La féminité de Safia Nolin ne vous appartient pas.

Mahaut Engérant | Le Délit

Elle a appris la guitare toute seule sur Internet, sorti son premier album à l’automne 2015, ravi le Québec et remporté le Félix de la révélation de l’année le dimanche 30 octobre dernier. À la sortie de son album Limoilou, justement, Le Délit l’avait attendue au tournant pour une entrevue : elle nous avait bluffés par sa simplicité et sa présence familière. Safia Nolin, pour reprendre ses propres mots dans le magazine Châtelaine, a choisi d’«être vraie partout », sans excuses et sans complexes.

Une « pas de classe »

Safia Nolin est même tellement vraie qu’elle a accepté son Félix en jeans, espadrilles et T‑shirt à l’effigie de Gerry Boulet, tout en prononçant quelques sacres. S’est ensuivie une vague de critiques et intimidations à l’encontre de son apparence et de son allure. On vous épargnera les titres que la musicienne s’est vue décerner sur les réseaux sociaux. Elle a pourtant profité de sa créativité comme d’un échappatoire à l’intimidation qu’elle vécut adolescente. L’artiste a passé sa vie — et son début de carrière — à lutter contre ceux qui se servent des défis qu’elle lance à la norme et de son tour de taille pour critiquer son existence.

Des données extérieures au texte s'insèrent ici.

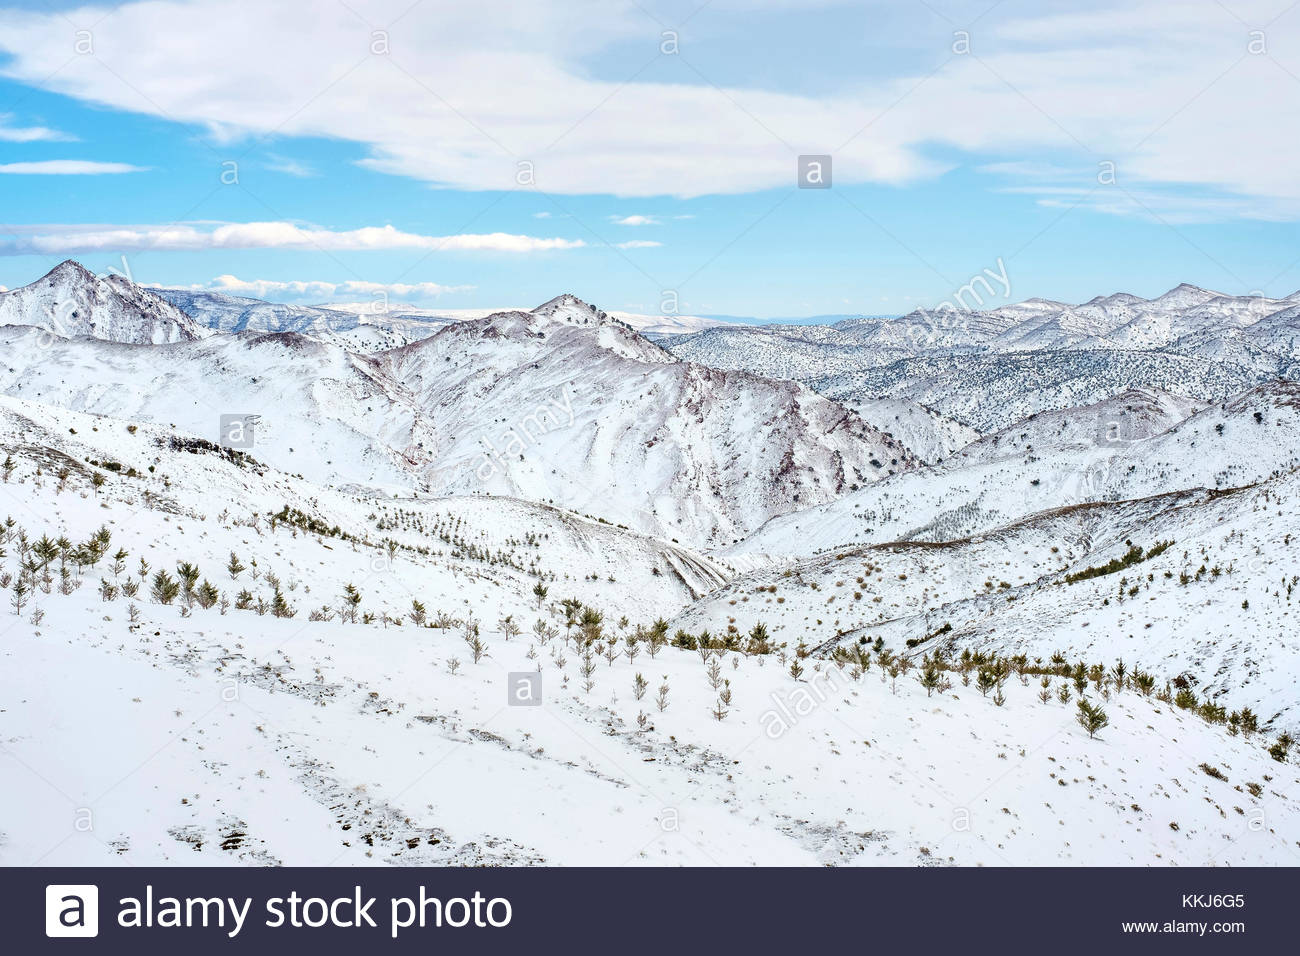 Morocco, Marrakech-Safi (Marrakesh-Tensift-El Haouz), Al Haouz Province. Tizi N'Tichka pass in the Atlas Mountains - Stock Image

Me voici encore affairée à l’écriture d’un article féministe qui me fait penser que je suis à la fois outrée et pas vraiment surprise par les événements. Après tout, c’est loin d’être la première fois, et sûrement pas la dernière, qu’une femme sous la lumière des projecteurs se fait disqualifier parce qu’elle ne correspond pas au modèle qu’on veut lui prêter. Parce qu’elle est une femme et qu’elle ne s’excuse pas d’en être une. 

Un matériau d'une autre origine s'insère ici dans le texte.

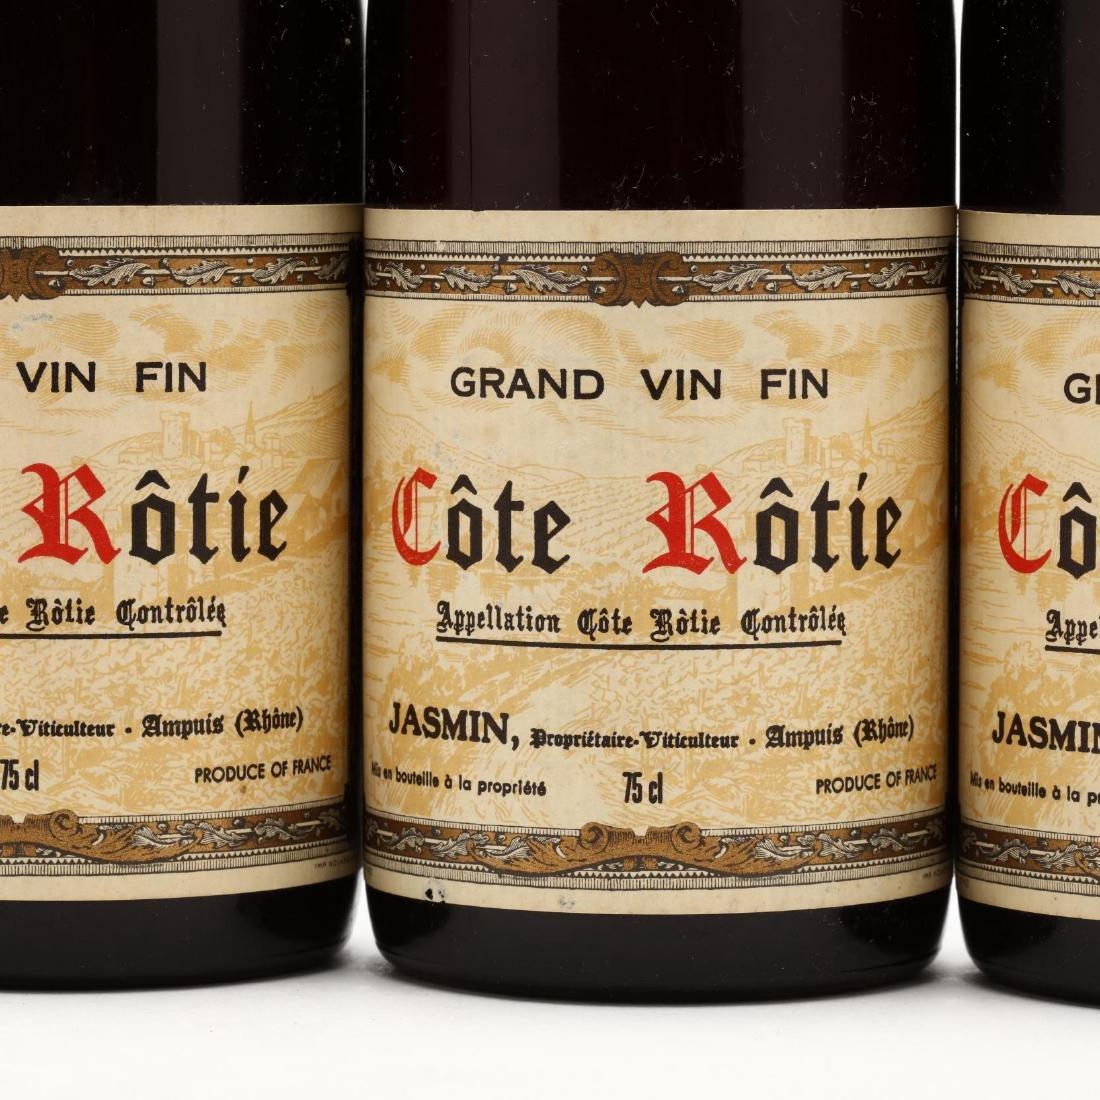 Cote Rotie - Vintage 1985 - 2

Dans l’œil du public, Safia Nolin, maintenant célébrité, est une cible d’intimidation facile. Il suffit de 140 caractères pour détruire l’assurance de quelqu’un depuis son canapé.

Une question de féminité

Le 1er novembre, Lise Ravary commentait la controverse dans le Journal de Montréal : « Nous nous sommes tellement battues dans les années 70 et 80 pour que féminisme ne rime plus avec bottes de construction, jambes pas rasées et ponchos en terre cuite. […] Encore aujourd’hui, les féministes radicales s’habillent comme si la féminité était toxique pour les femmes. » Correction, s’il vous plaît. Aujourd’hui, les féministes (ajoutons à cela toutes les femmes) s’habillent comme elles veulent, et ce que Mme Ravary qualifie d’«asservissement aux hommes » est une réappropriation de la féminité. Il n’appartient qu’à Safia Nolin de définir comment elle est femme, et si elle se retrouve dans les jeans et l’audace, on n’a rien à en redire. Le respect, ne ce n’est pas s’épiler, ou mettre des vêtements qu’on n’aime pas pour les autres, ce n’est pas vraiment sentir bon. Le respect, ça commence surtout quand on ne se permet pas de harceler.

Dans un texte publié sur Urbania, l’artiste appelle le Québec à s’assouplir, et se dit triste que les insultes reçues viennent surtout de femmes : « faites ce que vous avez envie de faire à la place d’être enragées contre celles qui se sentent libres de le faire. » Puis, elle ajoute qu’elle souhaite à chacun de se sentir un jour aussi fier qu’elle l’est. Elle garde la tête haute, les pieds sur terre et le coeur gros comme ça.